Evolutionary search is always an interaction between exploration of new regions and exploitation of previously detected good regions of the search space. When applying evolutionary algorithms to optimization problems many different strategy parameters have to be set to define the behavior of the evolutionary algorithm itself. These strategy parameters include population size, operator rates, or tournament size of selection, which have to be set. The choice of good parameter values is most often based on experience and requires therefore considerable effort. Despite some recommendations there is no evidence that there exists a parameter setup which is optimal for an entire optimization run. Consequently, adapting the parameter values on the run is a promising way to improve EA performance.

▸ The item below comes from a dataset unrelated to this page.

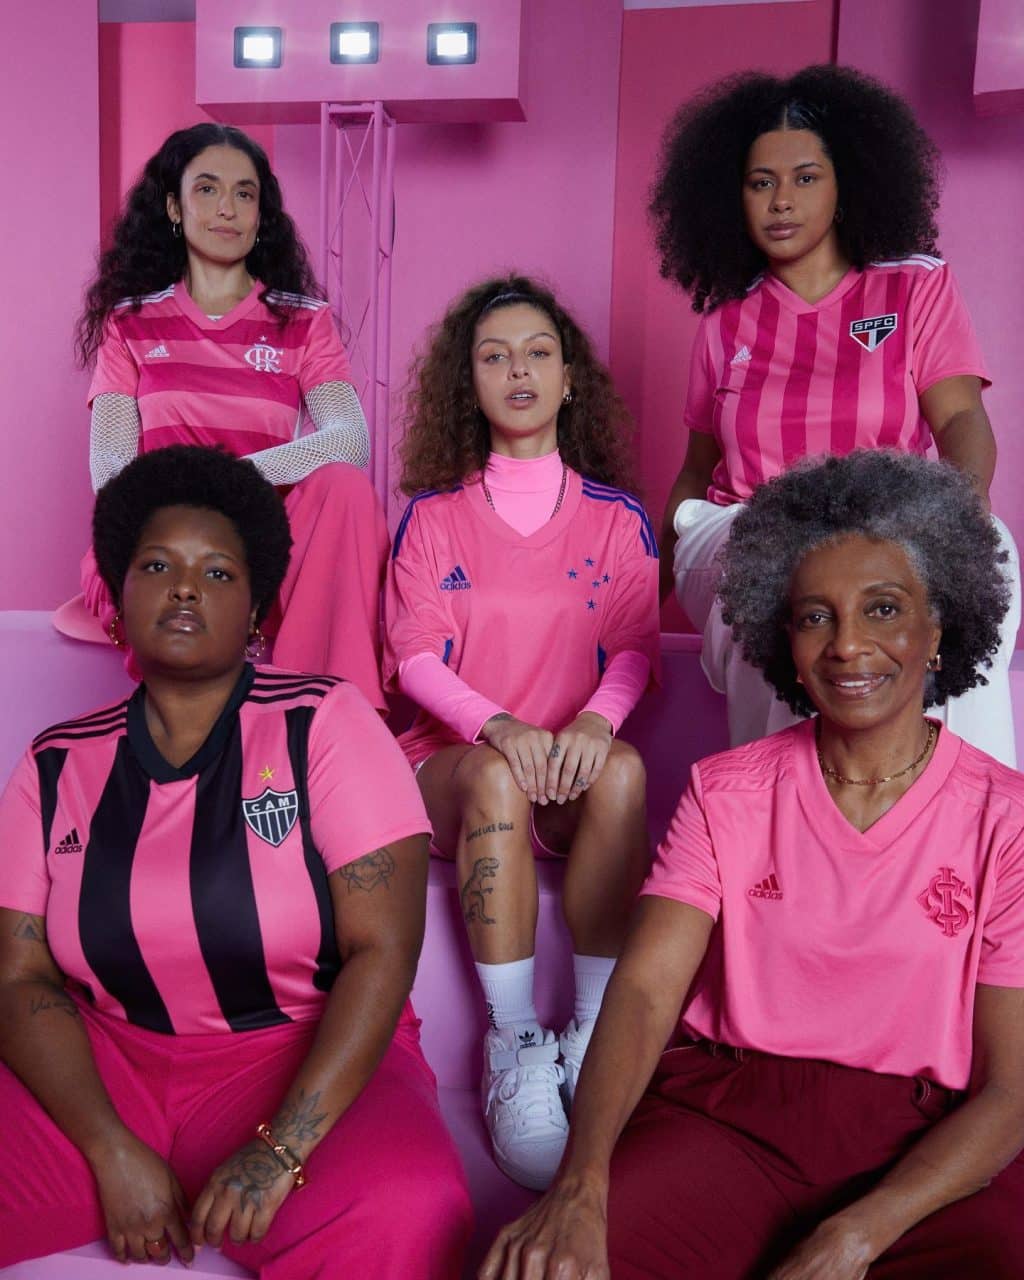 adidas presenta camisetas rosa para sus equipos brasileños

In the current paper, the motivation for introducing an adaptive strategy arose from the recurrent problem of setting appropriate operator rates for structural optimization problems.

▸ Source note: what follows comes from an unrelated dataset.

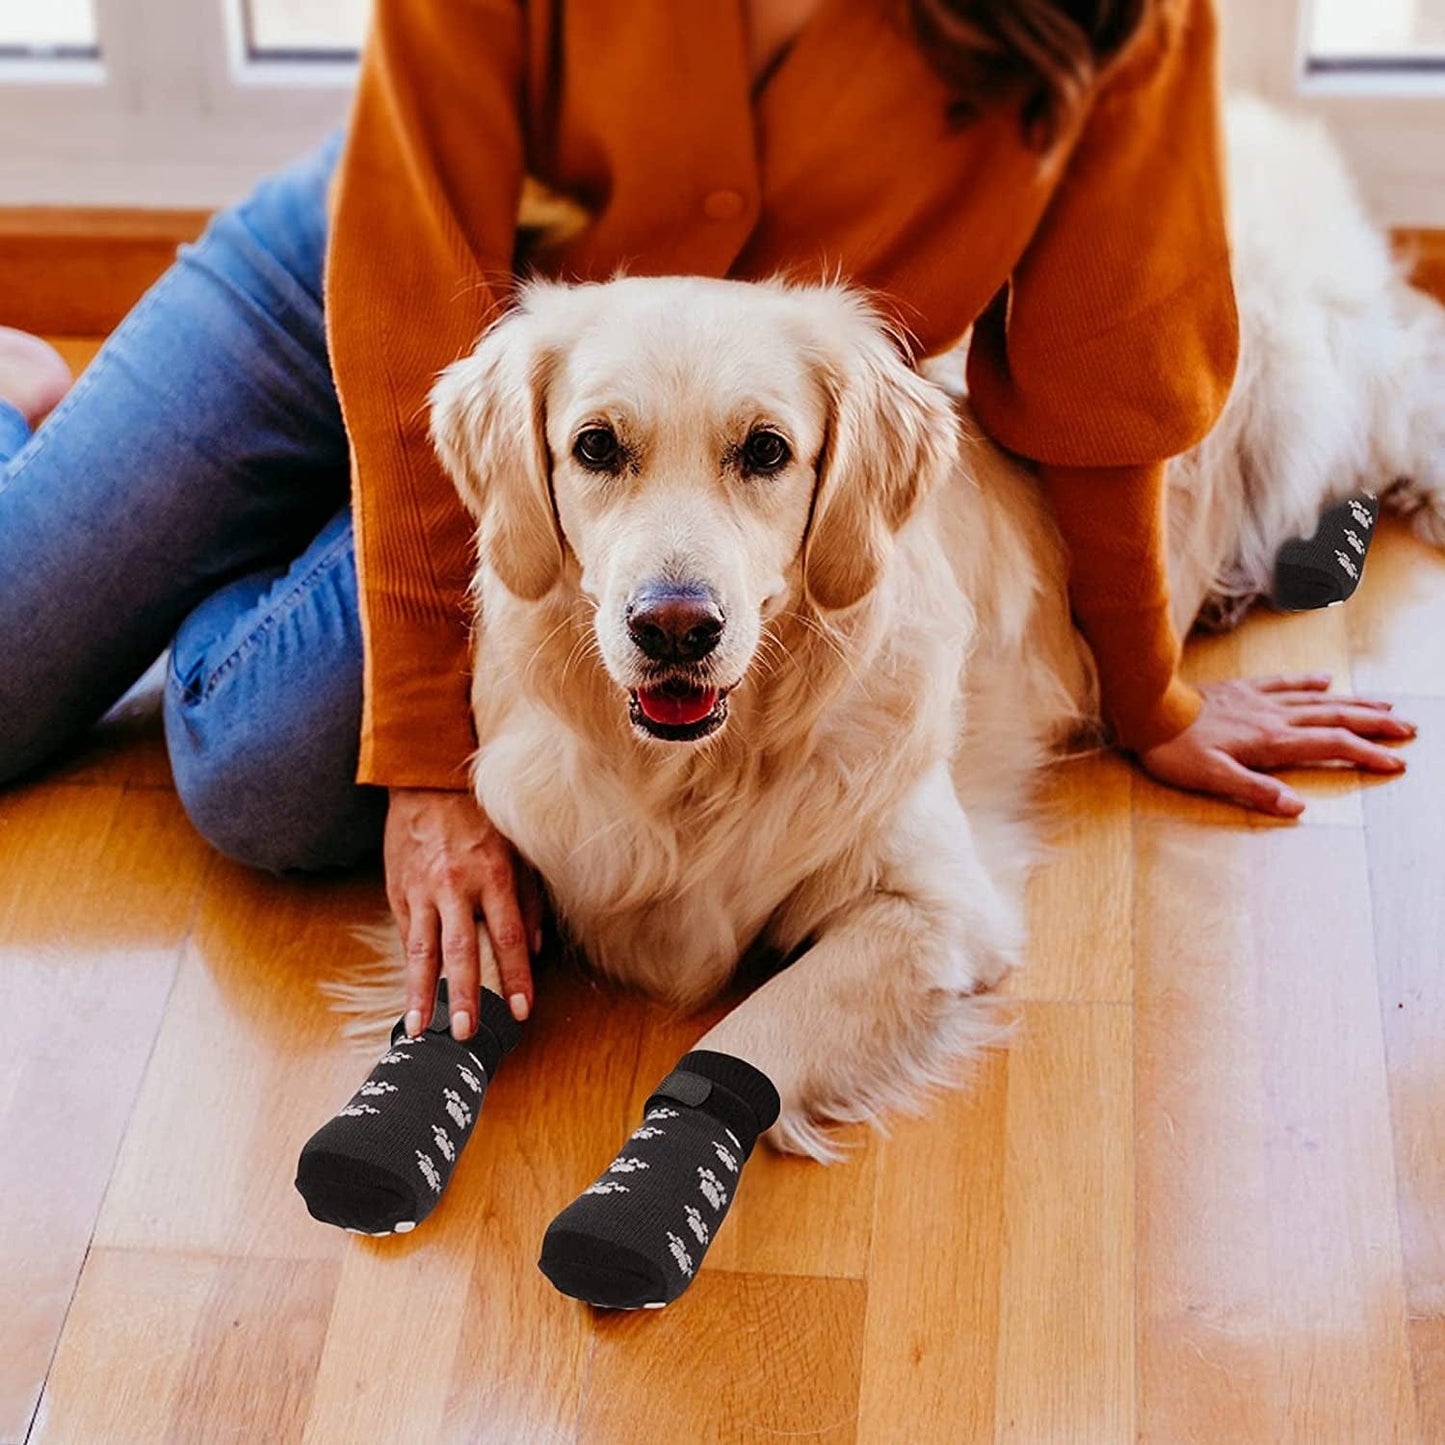 BEAUTYZOO Anti Slip Dog Socks for Hardwood Floors

Contributions of the proposed AROCEA can be summarized as follows:

• The framework
  The standard components of EA are extended with an additional component termed adaptation. Theoretically, arbitrary control parameters of the evolutionary algorithm can be adjusted in the adaptation phase, e.g. the population size, some operator rates, the fitness definitions, etc. Many journal papers concerned with (self-)adaptive strategies investigate Genetic Algorithms (GA) which are based on bit representation and only employ simple operators like one-point crossover and bit mutation. In contrast, AORCEA is based on a more general evolutionary computing framework (Evolving Objects) which provides an environment to evolve any kind of data structures.
• The best fitness frequency measure
  A best-fitness-frequency (bff) measure is evaluated indicating the success of the current search. Depending on this value either exploitative or explorative genetic operators are forced in order to accelerate the search process.
• The success of operators
  To increase the operator rates of successful operators contributing above average to the search process performance, the success measure for the application of an operator of type X is defined.
• The diversity of the population
  To analyzes the distribution of the individuals in the search space, the operator diversity measure is proposed based on the euclidean distance of an individual i originating from the application of an operator of type X in generation G to the current best individual b.
• Operator rate adaptation
  To provide operator rates guaranteeing a balance between exploration and exploitation, the operator rate adaptation is provided, based on which the operator rates are linearly in - or decreased for the next generation.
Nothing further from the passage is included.